┌────────

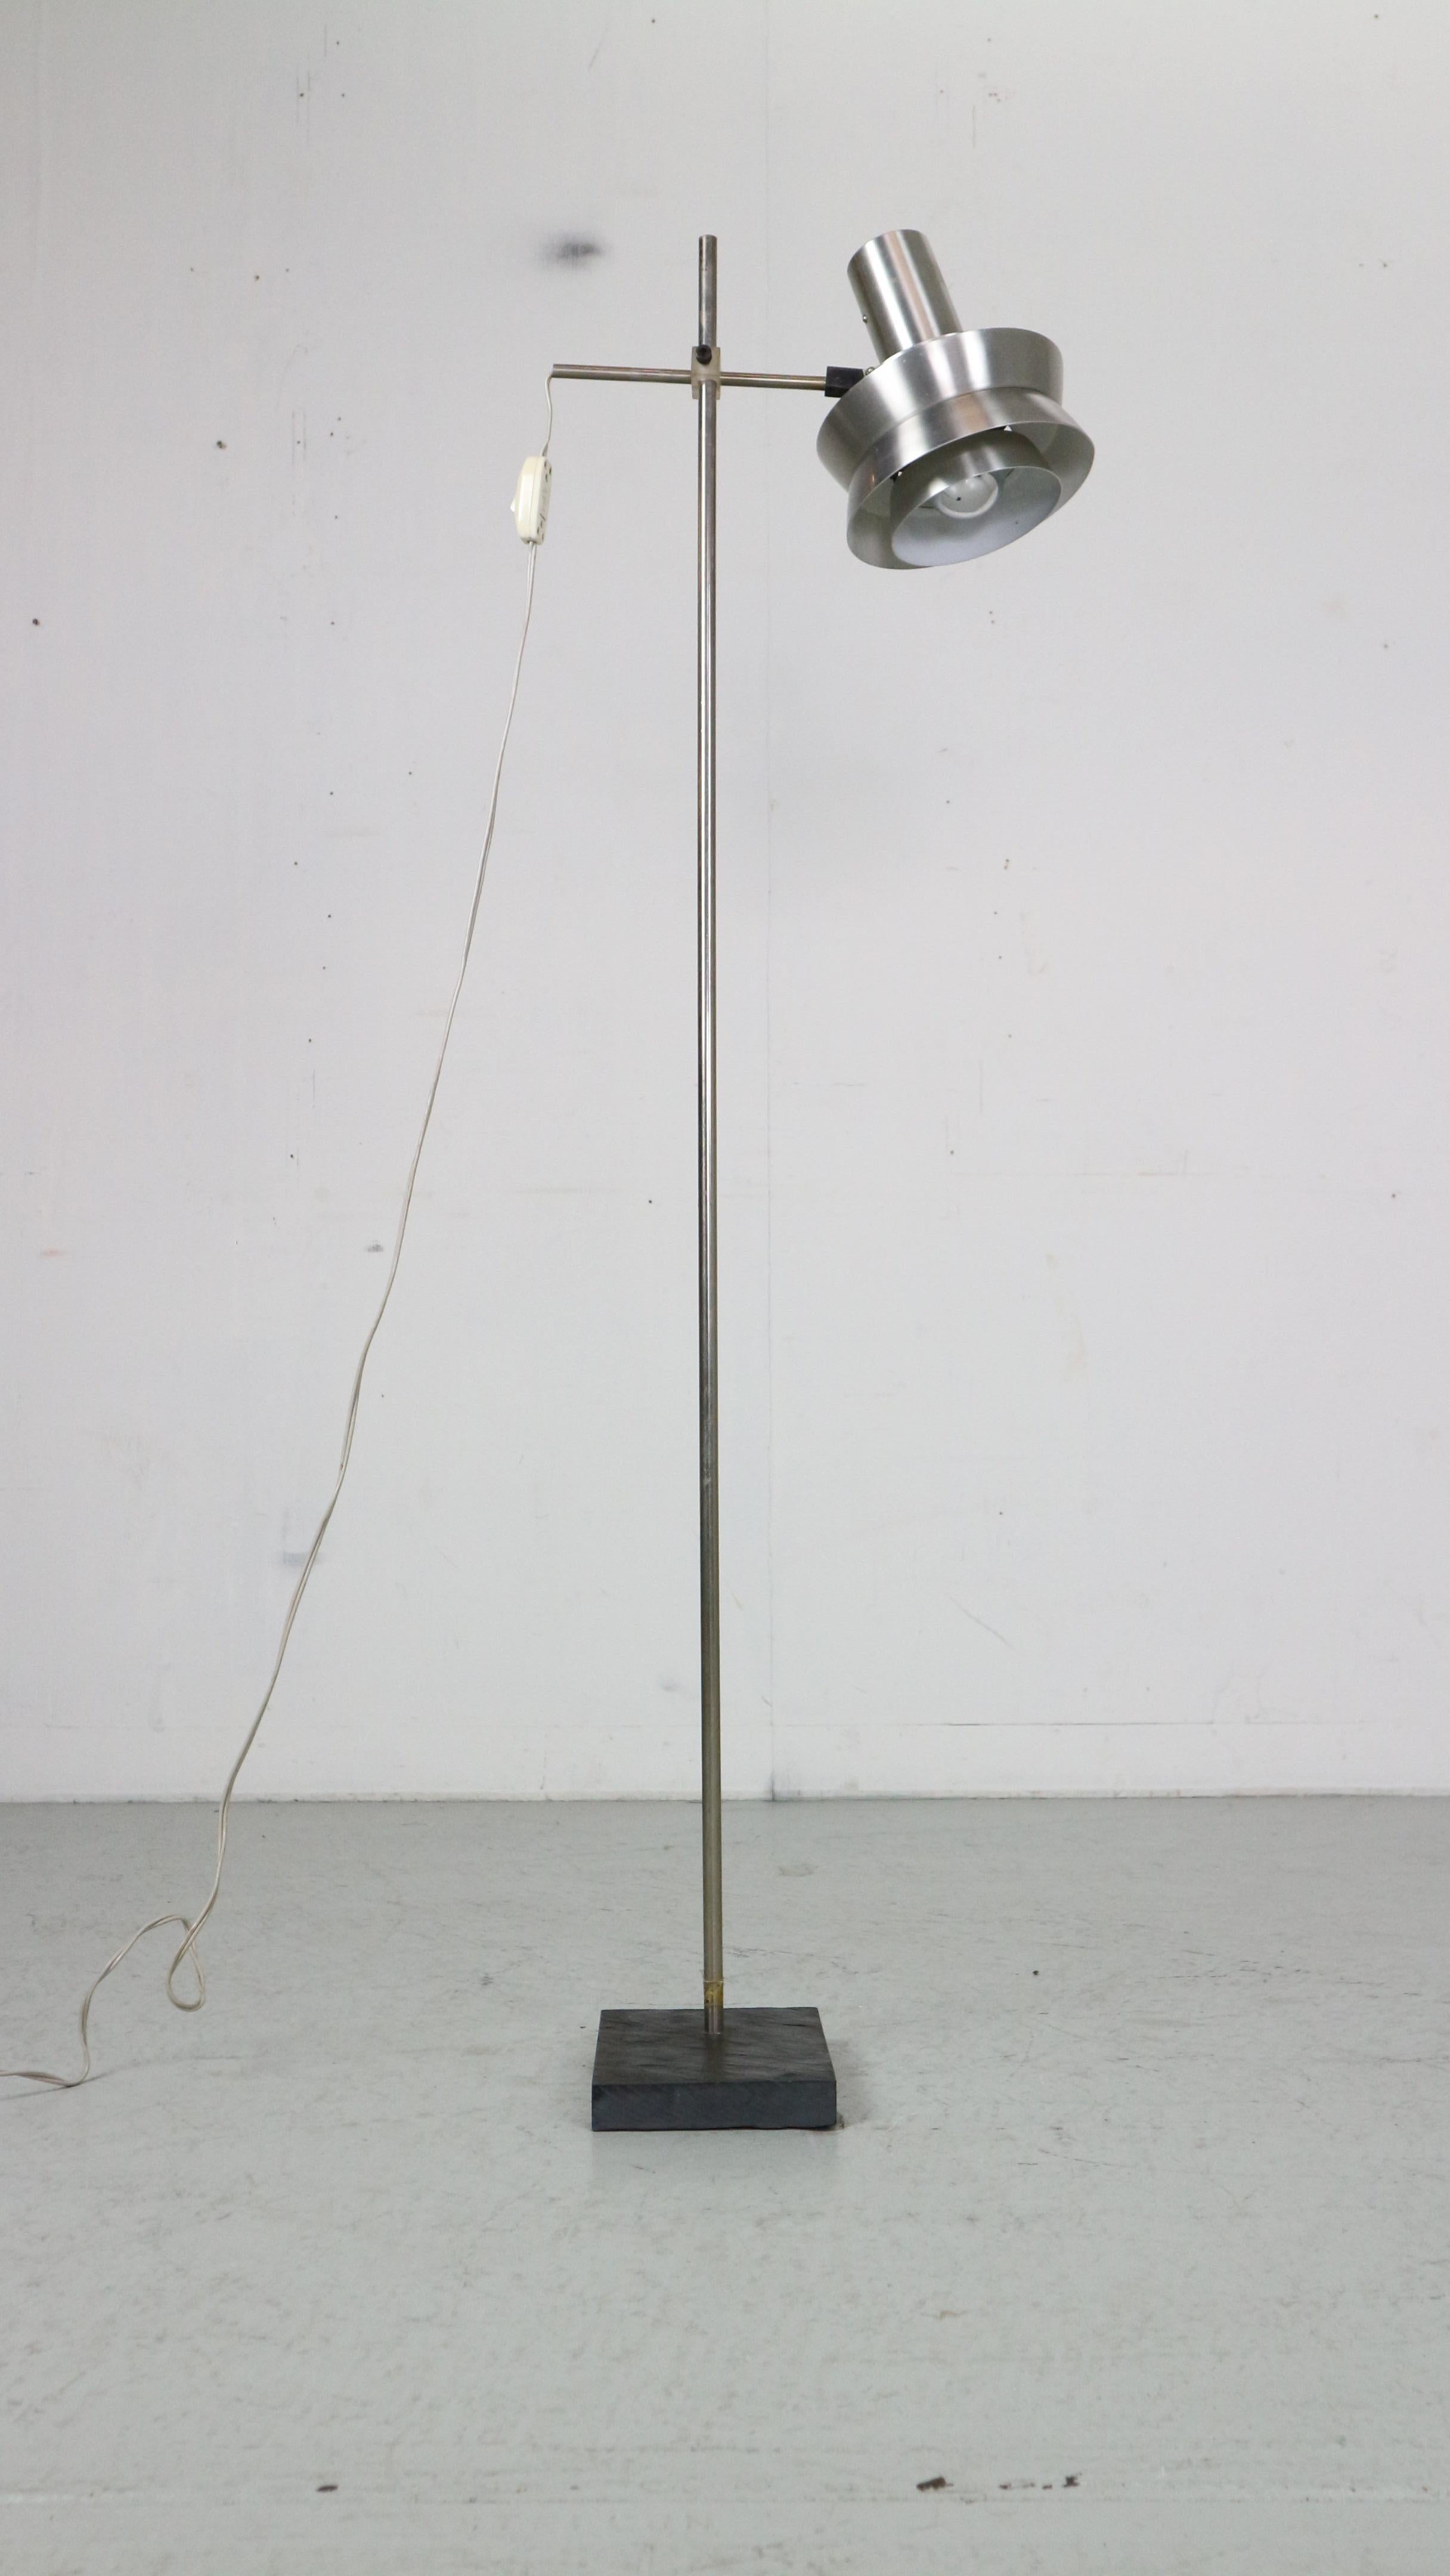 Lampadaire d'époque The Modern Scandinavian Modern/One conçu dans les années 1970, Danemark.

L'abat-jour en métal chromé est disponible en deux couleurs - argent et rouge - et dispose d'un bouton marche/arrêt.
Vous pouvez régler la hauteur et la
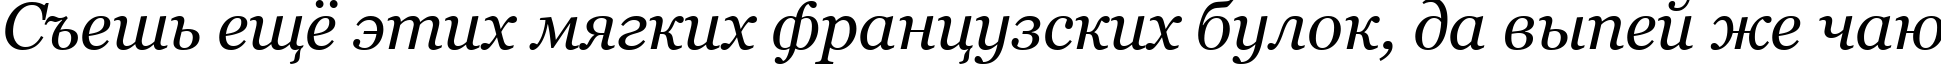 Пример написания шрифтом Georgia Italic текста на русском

└────────

_PROBLEM TO WORK ON_: Extract, word for word, every line from the one holding "L'abat-jour en métal" through the closing line of the data above. Do not include any pictures.

_OUTPUT FOR THIS TASK_:
L'abat-jour en métal chromé est disponible en deux couleurs - argent et rouge - et dispose d'un bouton marche/arrêt.
Vous pouvez régler la hauteur et la
 Пример написания шрифтом Georgia Italic текста на русском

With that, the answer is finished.